Every human carries various viruses within their body, but some viruses have become permanent residents in our DNA. Certain viruses go beyond merely replicating in our cells; they employ molecular tools to splice their genetic material into our genome. When this occurs in sperm or egg cells, the viral DNA can be inherited by future generations. Over millions of years, this process has resulted in approximately 8% of the human genome consisting of these ancient, fossilized viral sequences.
These embedded viral sequences can even serve as evolutionary markers. When two species share the same viral DNA in their genomes, it suggests that their common ancestor was infected before the species diverged.
Once integrated into our genome, these viral sequences can significantly influence evolution. While most become inactive and scattered across the DNA, their presence can sometimes be beneficial. Certain human genes rely on viral DNA promoter regions for activation, and some viral sequences have even been repurposed to aid the immune system, creating a scenario where viruses combat other viruses.
2. Viruses on Viruses

Mamavirus, a giant virus discovered in a cooling tower, infects amoebae. However, what truly fascinated scientists was the identification of a smaller virus associated with it. This tiny virus, named Sputnik, acts as a parasite, targeting and exploiting mamavirus. Such viruses that prey on other viruses are referred to as satellite viruses.
Sputnik cannot independently infect amoebae or replicate on its own. It relies on amoebae already infected by mamavirus to reproduce. Rather than hijacking the host cell’s machinery directly, Sputnik exploits the replication proteins of mamavirus to create copies of itself.
Even viruses are not safe from the cunning and invasive strategies of other viruses.
1. Giant (Reanimated) Viruses

Not all viruses remain small; some grow to impressive sizes, rivaling bacteria. Researchers once collected what they believed to be bacteria from a cooling tower, only to later discover they were an entirely new class of giant viruses. Named Mimivirus for its microbe-mimicking appearance, it boasts a genome exceeding 12 million base pairs and is larger than the smallest bacteria.
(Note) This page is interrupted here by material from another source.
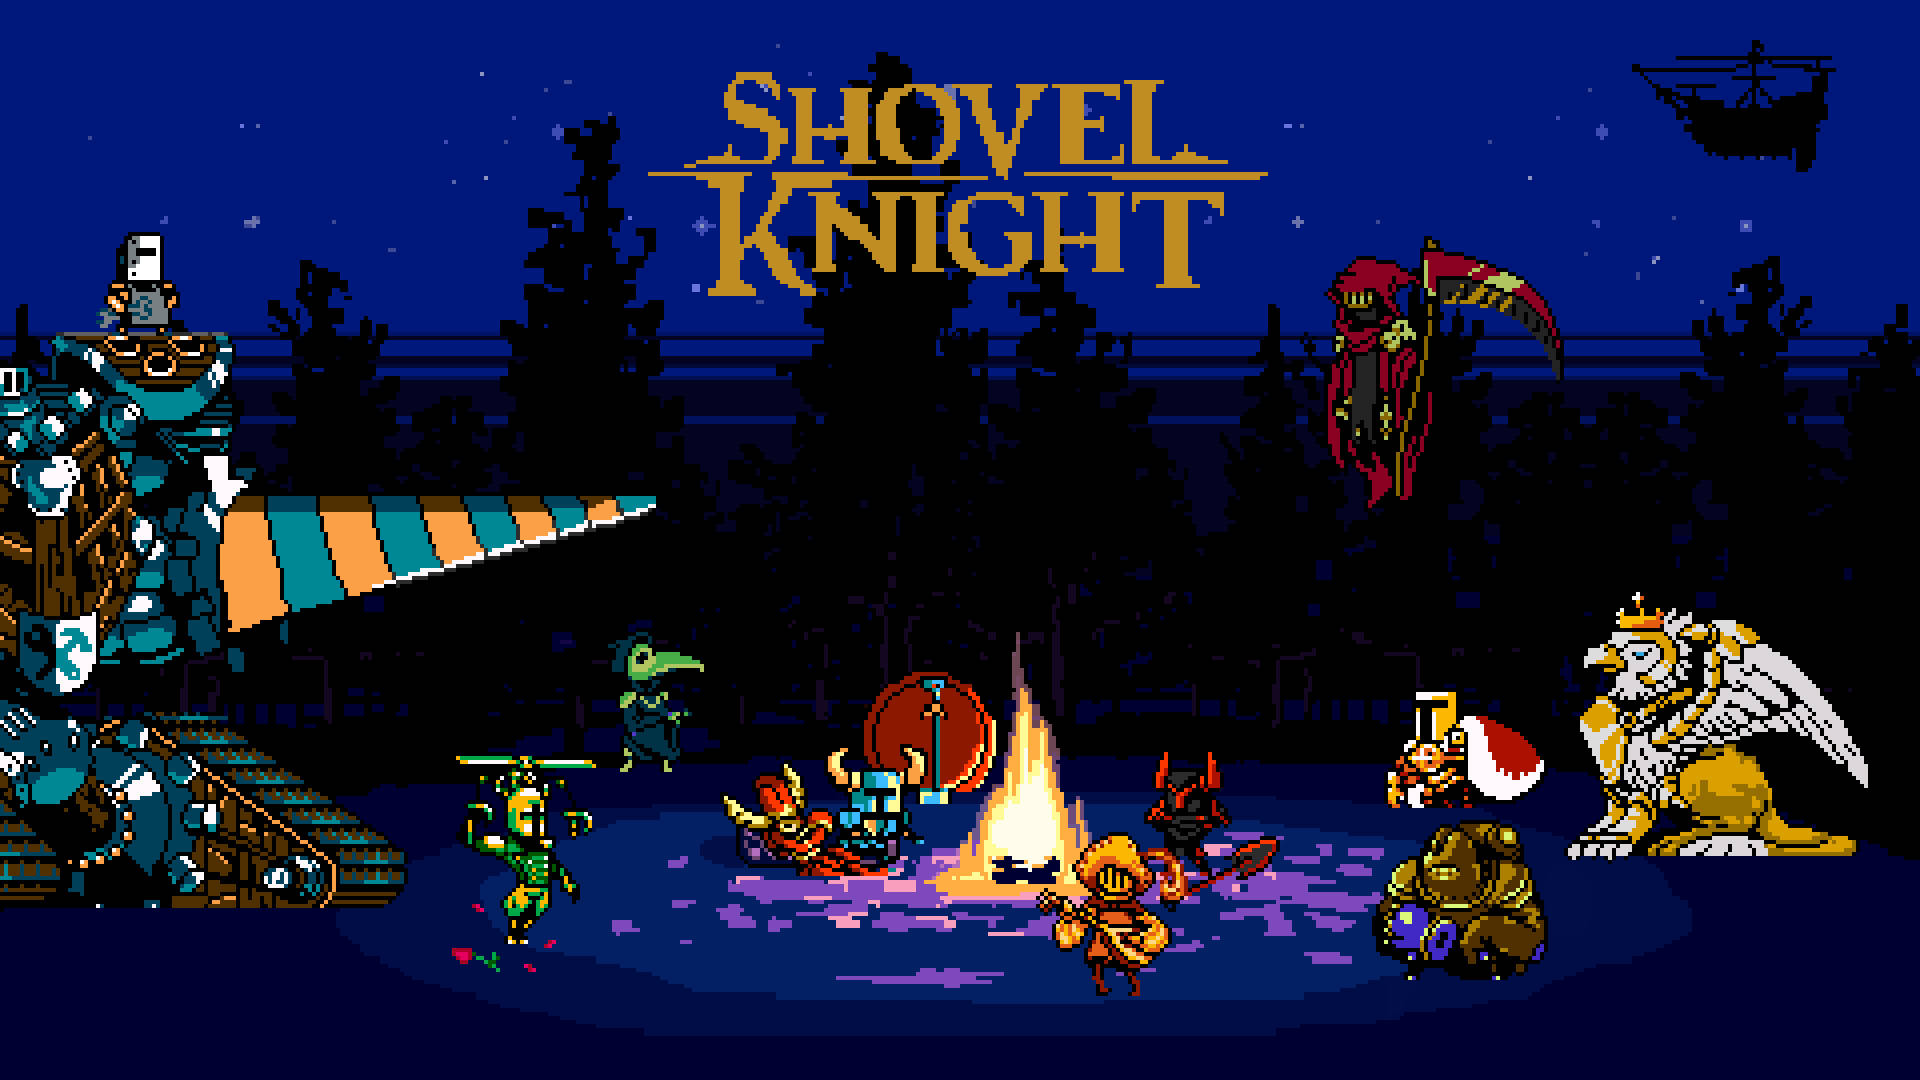 Shovel Knight Retro Pixel Art Wallpaper

Since the discovery of Mimivirus, other giant viruses have been found in unexpected locations. In 2014, the largest known virus was unearthed from 30,000-year-old frozen tundra in Russia. Scientists took the bold step of attempting to revive these ancient viruses.
Researchers introduced the thawed viruses to amoebae, knowing that giant viruses often infect these single-celled organisms. Remarkably, the Stone Age viruses successfully invaded the amoebae and replicated. This discovery has sparked concerns that melting permafrost could release ancient pathogens long dormant in the ice.